Now come the decision of what to pair it with... it's like naming a child...? 



CPD said:


> Malaysian blackwood is a nickname for a variety of true ebony or Asian ebony. Most of the ebony's and rosewood's too, are very dense and hard. You shouldn't need to stabilize them, unless they have burls and defects you are trying to deal with.
> 
> That said - ebony's have a reputation for being really finicky while they dry. They'll check and crack if you're not careful....and even then, they'll torture you with more of the same.
> 
> ...


----------



## Lefty (Aug 20, 2013)

Afzelia burl and copper.


----------



## chinacats (Aug 20, 2013)

That is one gorgeous piece of wood!


----------



## cclin (Aug 20, 2013)

beautiful Malaysian Blackwood!! how about a nice marble horn & mammoth ivory to match up....


----------



## Anton (Aug 20, 2013)

Tooth would be too busy.. 

Horn, yes this could be.. maybe.

Also thinking of sandwich between all black blackwood cap and ferrule with nickel spacers... And put onto a Suji Kitaeji yanagiba. Hard to picture...


----------



## CPD (Aug 20, 2013)

Anton said:


> CPD,
> Thanks - this is great feedback and puts me at ease somewhat... It's a super clean piece and it has been in wax for the last 4 months. very SHARP tools is the key.
> 
> Now come the decision of what to pair it with... it's like naming a child...?



Glad to help. If you're looking for ideas, I'd Google Macassar Ebony and either art deco or guitars to see what an image search shows. Macassar ebony has a very similar look. Guitar makers use it as a tone wood sometimes and for art deco period furniture they used to use a ton of the stuff. It looks amazing next to whiter tone materials for contrast. They'd have used ivory, bone, shagreen or pearl...but might work great with micarta or something ike that.... or American Holly if you wanted a white wood (and assuming you can find it, that's stuff's hard to find too). Copper and gold tones get used with it a lot too...so a second to Lefty's copper suggestion.

post pictures when you're done.


----------



## cclin (Aug 21, 2013)

Anton said:


> Tooth would be too busy..
> 
> Horn, yes this could be.. maybe.
> 
> Also thinking of sandwich between all black blackwood cap and ferrule with nickel spacers... And put onto a Suji Kitaeji yanagiba.
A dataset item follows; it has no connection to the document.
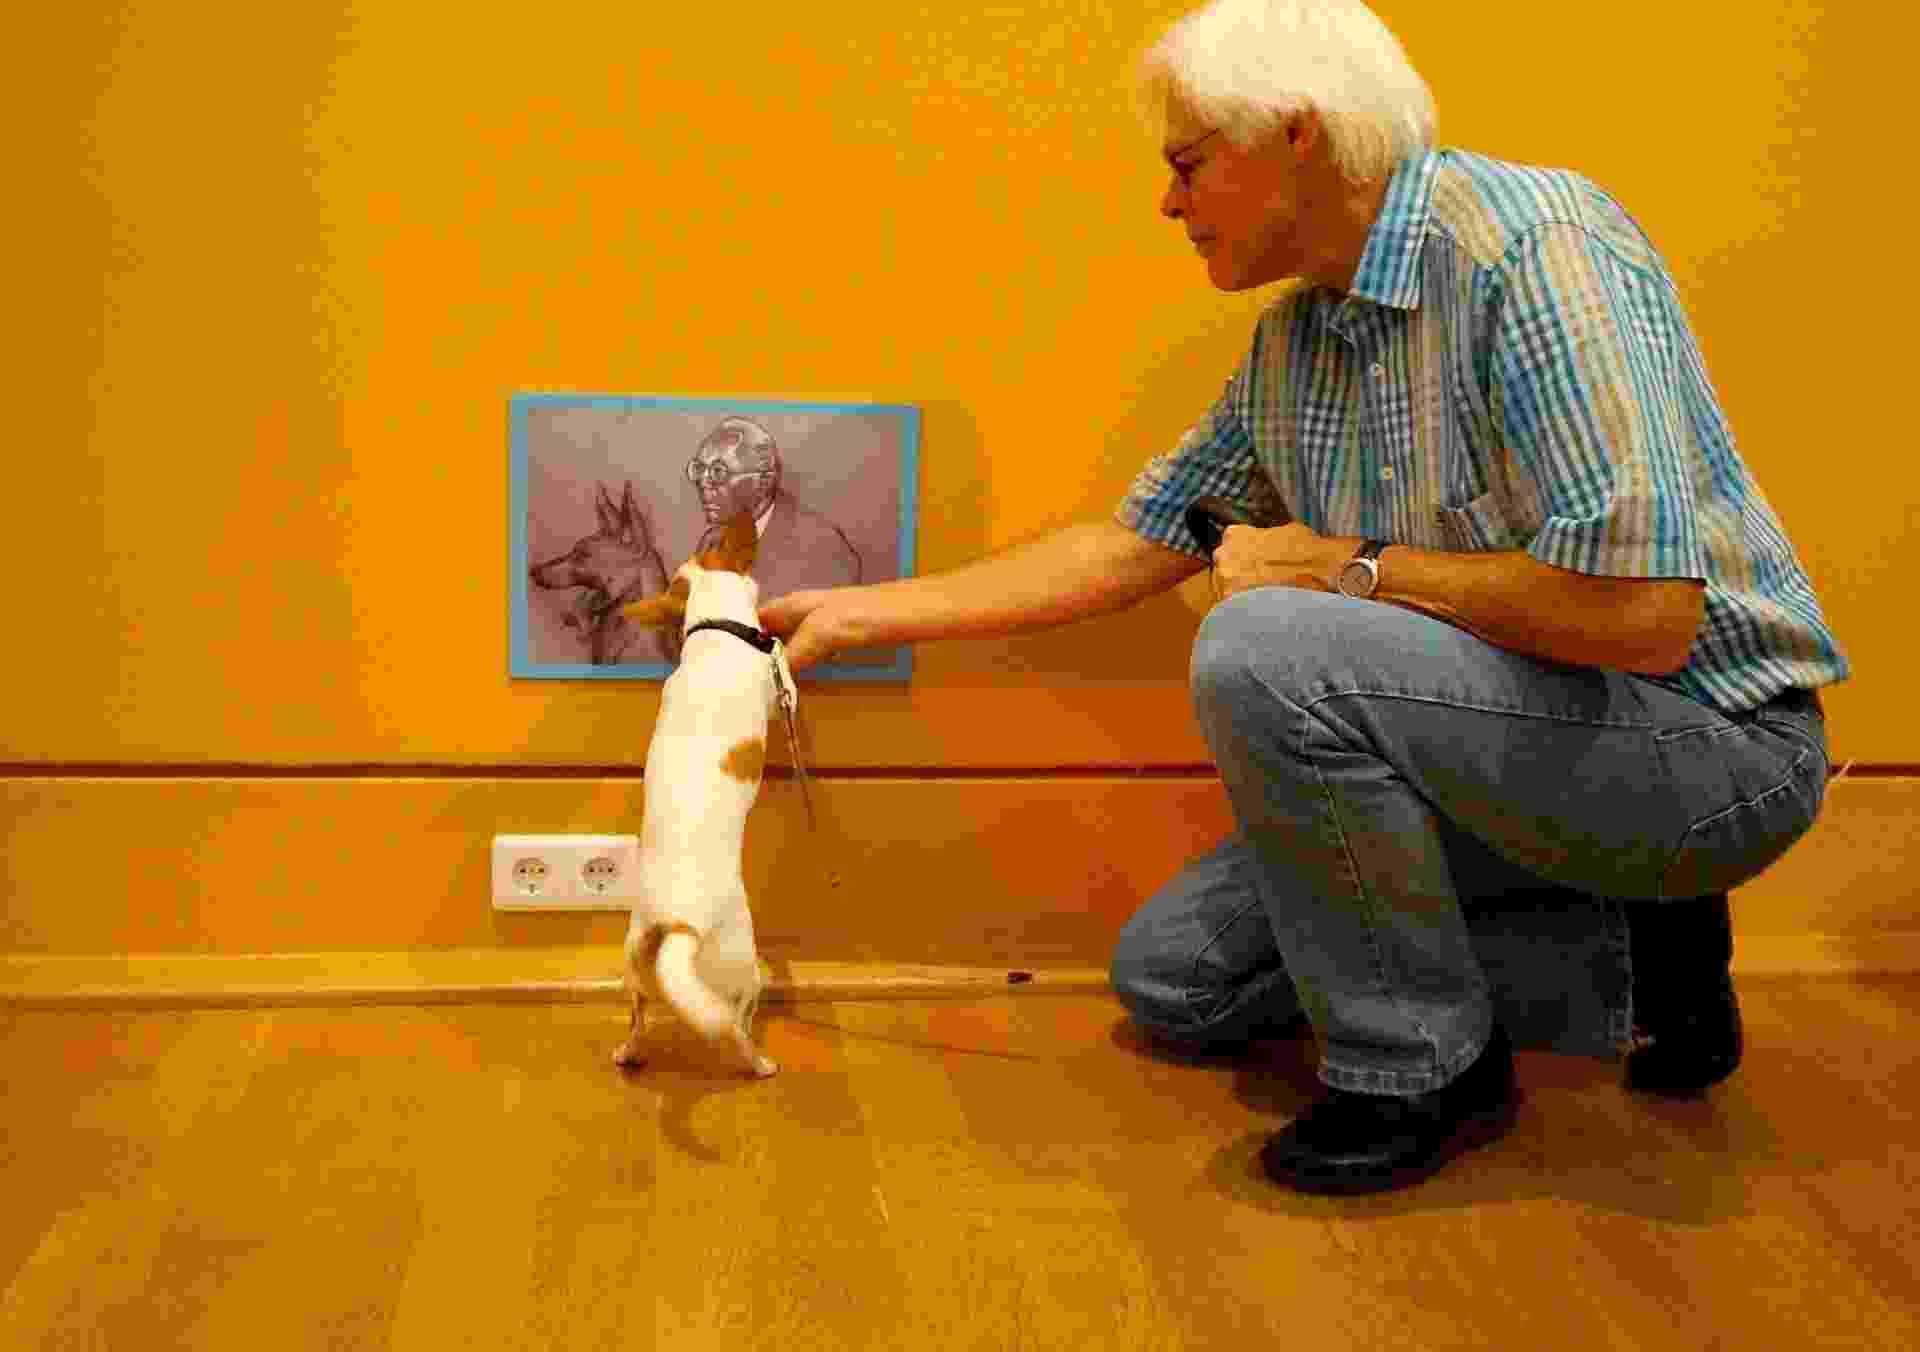 """Cachorros se comportaram durante visita ao museu, mas interesse na arte teve que ser """"comprado"""" - Clarissa Neher/BBC"""

Hard to picture...



huh?? mammoth ivory(natural white color spacer) is too busy?? I guess you prefer metal spacer more..... I'm little too old for shiny spacer:joec: Happy custom your yanagiba handle!!


----------



## CrisAnderson27 (Aug 21, 2013)

cclin said:


> huh?? mammoth ivory(natural white color spacer) is too busy?? I guess you prefer metal spacer more..... I'm little too old for shiny spacer:joec: Happy custom your yanagiba handle!!



I think he might have thought you meant mammoth tooth, which is pretty busy lol.


----------



## Burl Source (Aug 24, 2013)

Anton said:


> Also thinking of sandwich between all black blackwood cap and ferrule with nickel spacers...
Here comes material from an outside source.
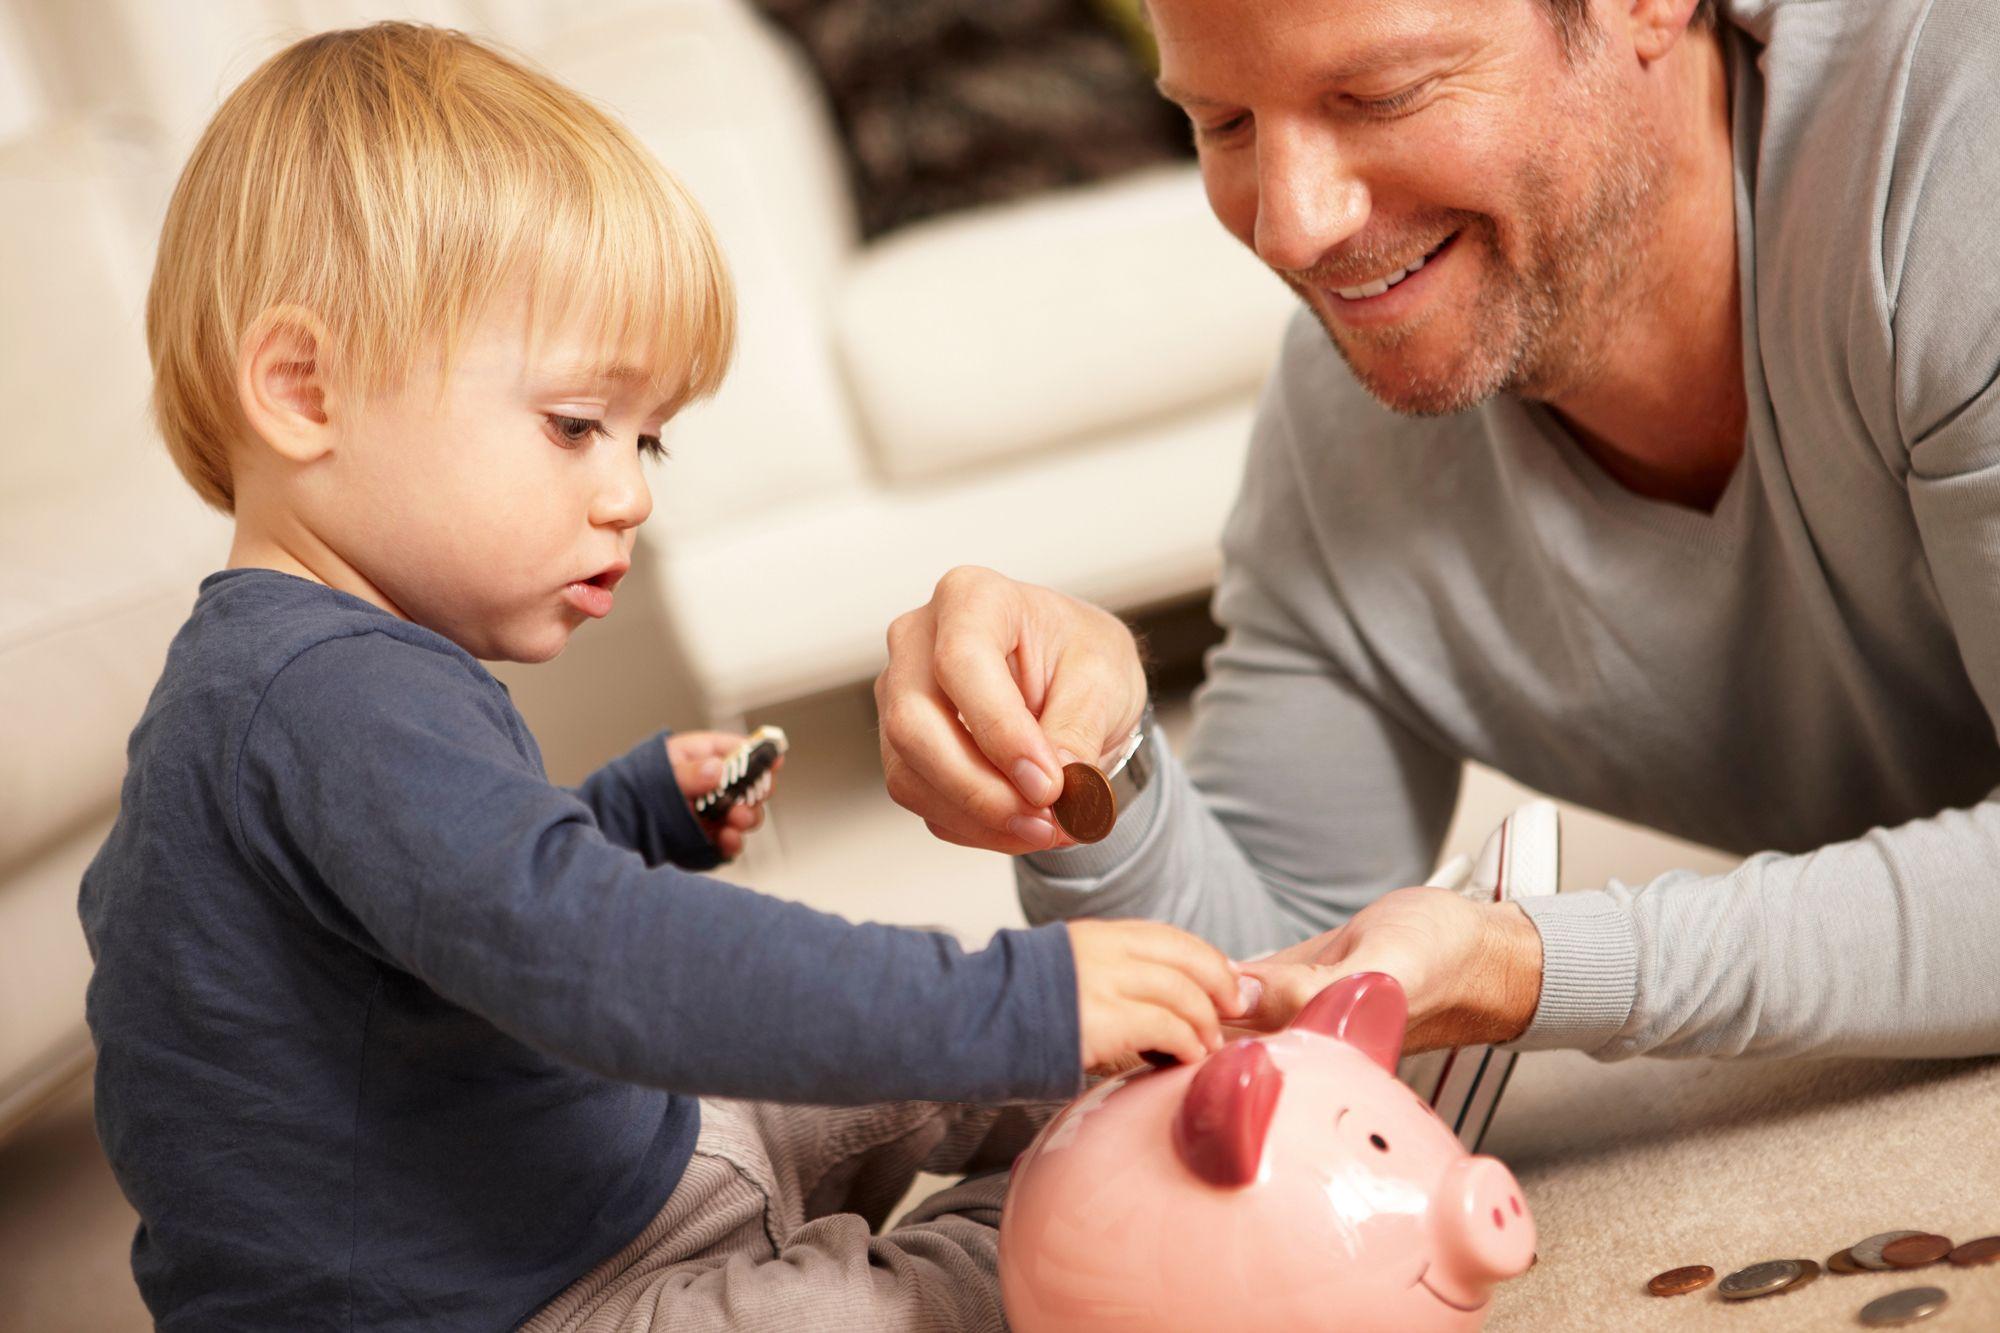 В Госдуме предложили повысить налоговый вычет семьям с детьми и инвалидами

I like the idea of matching one of the colors in the Malaysian Blackwood and a thin metal spacer. My taste would matching it up with the African Blackwood like you mentioned and copper spacers. Maybe even a piece of hammered copper on the front of the ferrule like Butch does.


----------



## Anton (Aug 24, 2013)

It may just end up with Butch ....


----------



## Lefty (Aug 24, 2013)

Great choice!


----------



## mkriggen (Aug 24, 2013)

Anton said:


> Now come the decision of what to pair it with... it's like naming a child...?



I put it with amboyna...


----------



## CPD (Aug 24, 2013)

Burl Source said:


> I like the idea of matching one of the colors in the Malaysian Blackwood and a thin metal spacer. My taste would matching it up with the African Blackwood like you mentioned and copper spacers. Maybe even a piece of hammered copper on the front of the ferrule like Butch does.



That's a nice looking match. If you work with african blackwood though - one word of caution - it dulls everything. It is incredibly dense and heavy. I'm making a handle out of it right now and it's amazing stuff. It polishes to a ridiculous level and looks great once it's been finished but it shakes off 80 grit sand paper like it's a tomato facing a knife blank that hasn't ever been ground or sharpened.


----------